First, I finally sat down and got my head turned about a 1/4 turn to the right, after I finally realized that the color coding for the wires on this vehicle from the conventional american vehicles that I am used to working with. i.e. from a lighting situation, we effectively have a positive grounded vehicle in a manner of speaking. i.e.  they color the ground wires with red colos and the color the voltage wires with browns and black.

This had given me issues when doing my  initial trouble shooting because I would just automatically look for ground on the brown and black wires and voltage on the red colored wires. However, the opposite is true.

 

I went back to basics, as Cougar and others have suggested and just started from the beginning on the belief that I had missed something initially.

Have correct voltage at the output of fuse 6 and 7 which are the headlight fuses. But I DON't have voltage at the bulkhead pin, where the voltage is supposed to leave the fuse block.

So, it appears that there is an open circuit on the inside of the fuse block, between the output of pin 6 and the bulkhead connector of pin 6.

Furthermore, when I check the front wiring harness from the fuse block bulkhead connector over to the main connector on the front frame for the headlights, I find another open in that wire as well.

 

If this continues to check out, I am guessing that perhaps a wire got pinched or shorted out and burned open, and also did the same thing for the fuse block connector.
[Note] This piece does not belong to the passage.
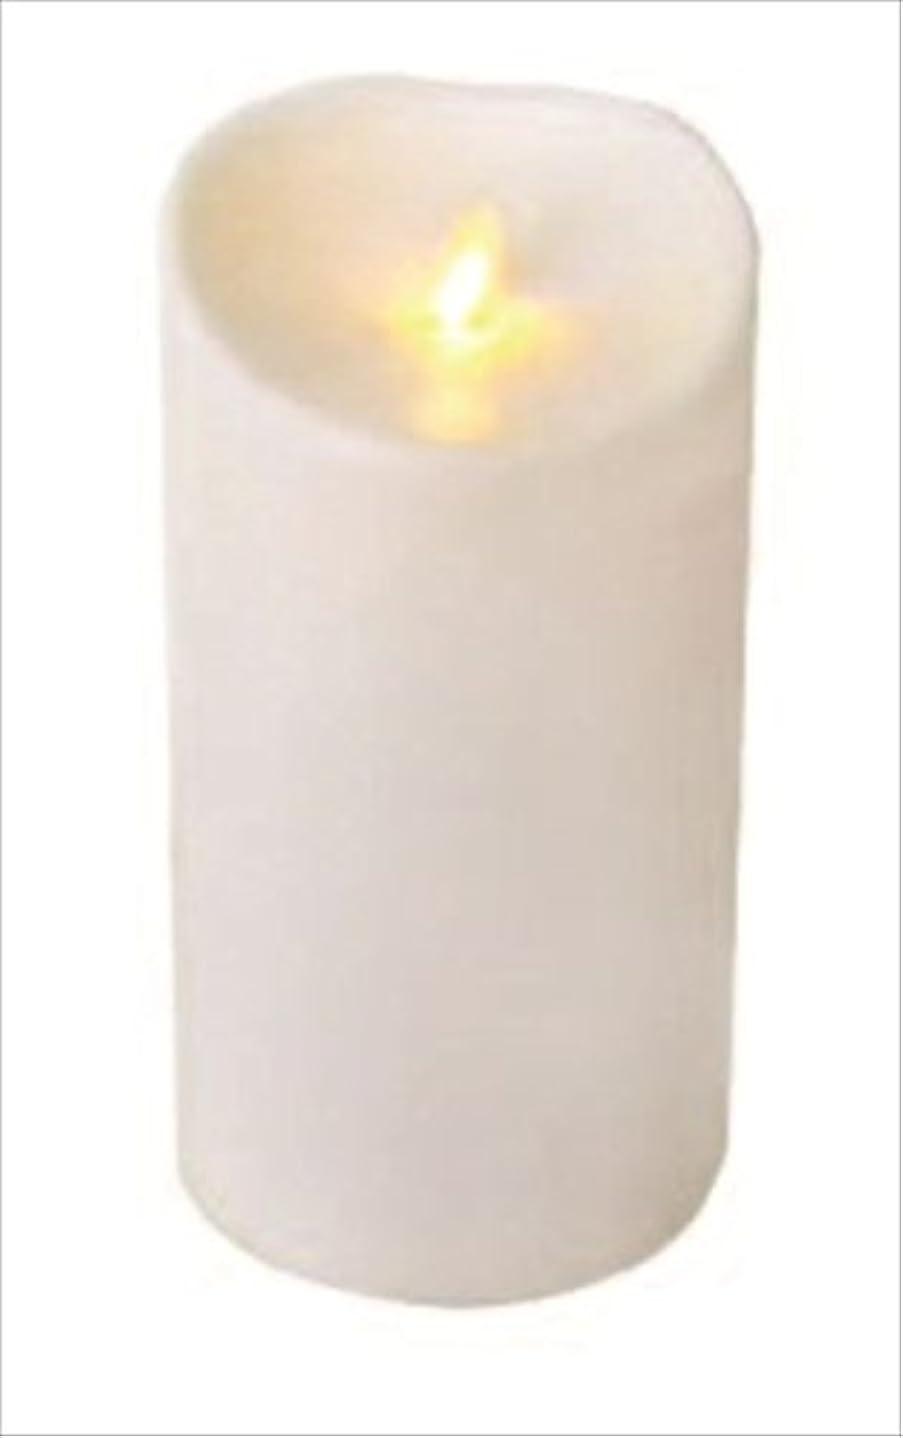 適応的ピジン創始者ルミナラ(LUMINARA) LUMINARA(ルミナラ)アウトドアピラー3.75×7 「 アイボリー 」 03060000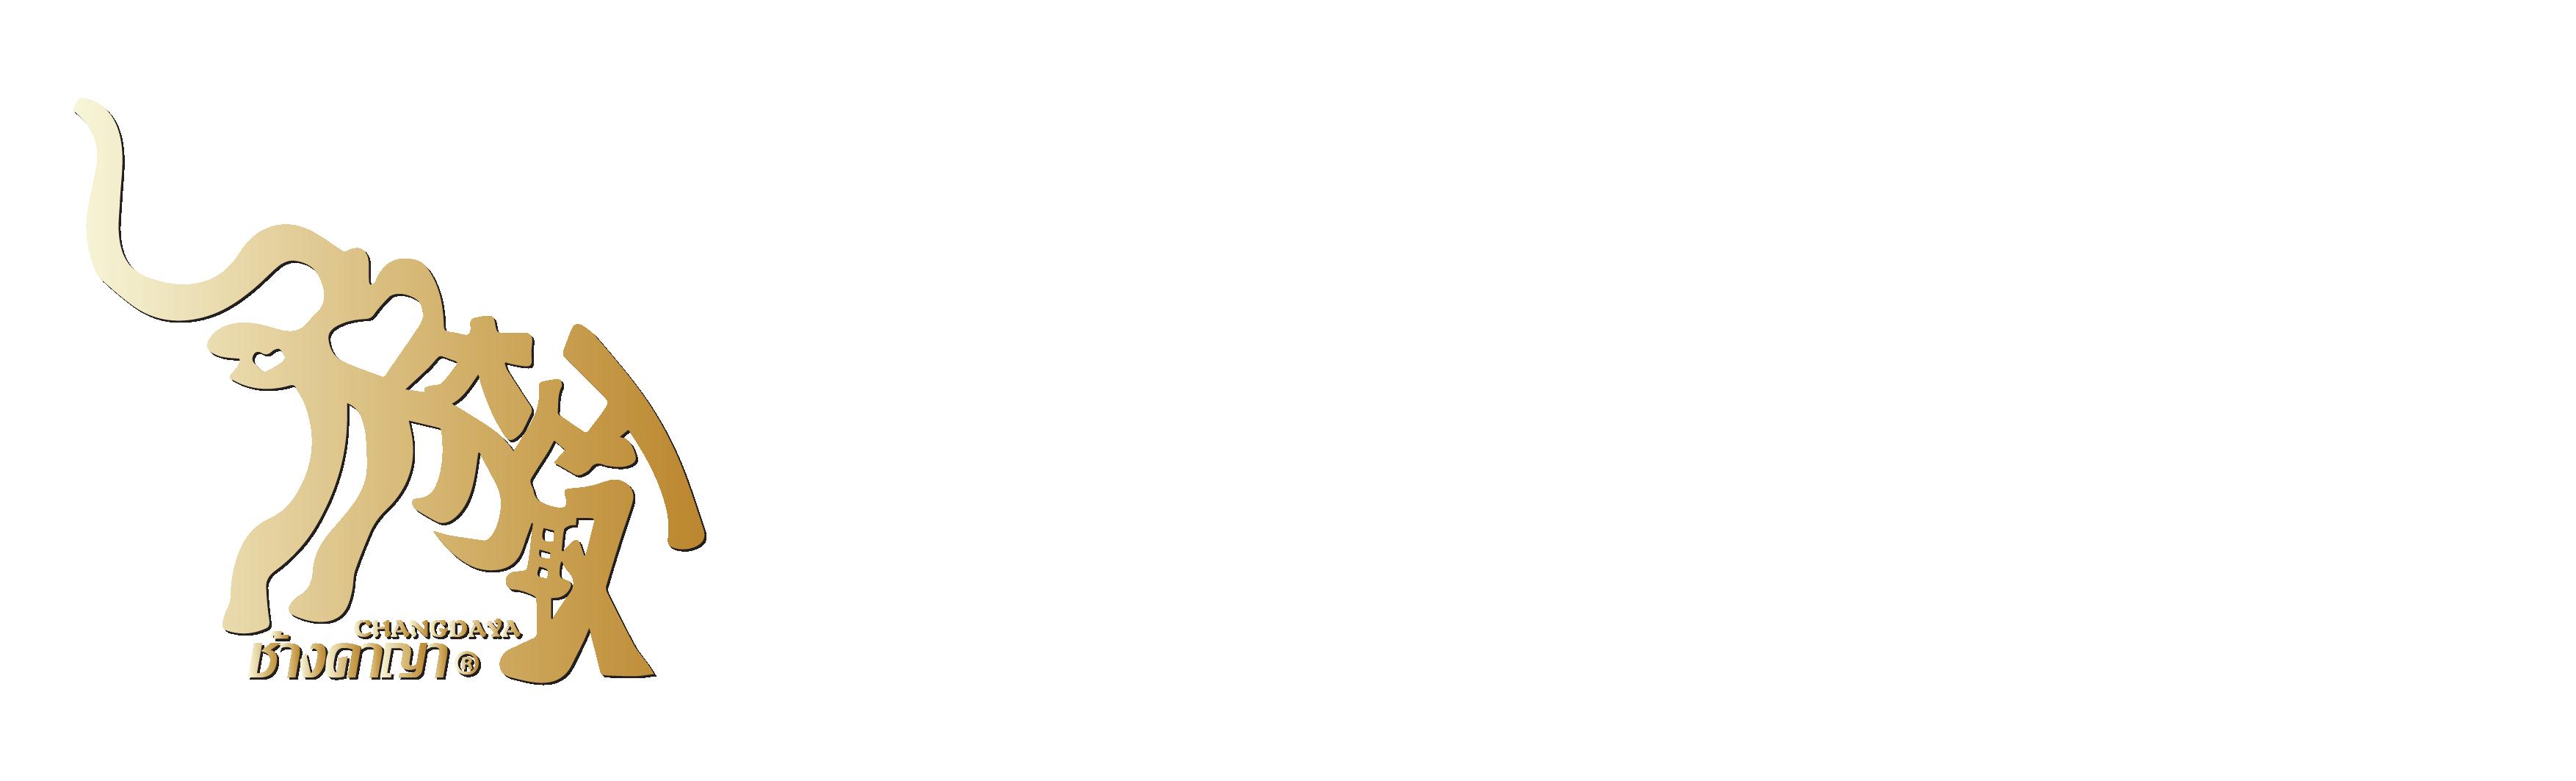 輔瑞國際有限公司 回首頁

The interesting thing about this situation is that it did not cause a fuse to fail.

 

Since we did not have another fuse block on hand, I installed a temporary wire from the + 12 volt battery terminal to  a fused 15 amp wire over to the high beam + wire on the high beam headlight.

 

This fix temporarily took care of the lack of passenger side high beam light.

It also took care of the very dim low beam lights that were lighting up due to sneak currents passing backward through the high beam light bulbs.

 

However, there is still an issue on the low beams.

I have no drivers side or left side low beam light.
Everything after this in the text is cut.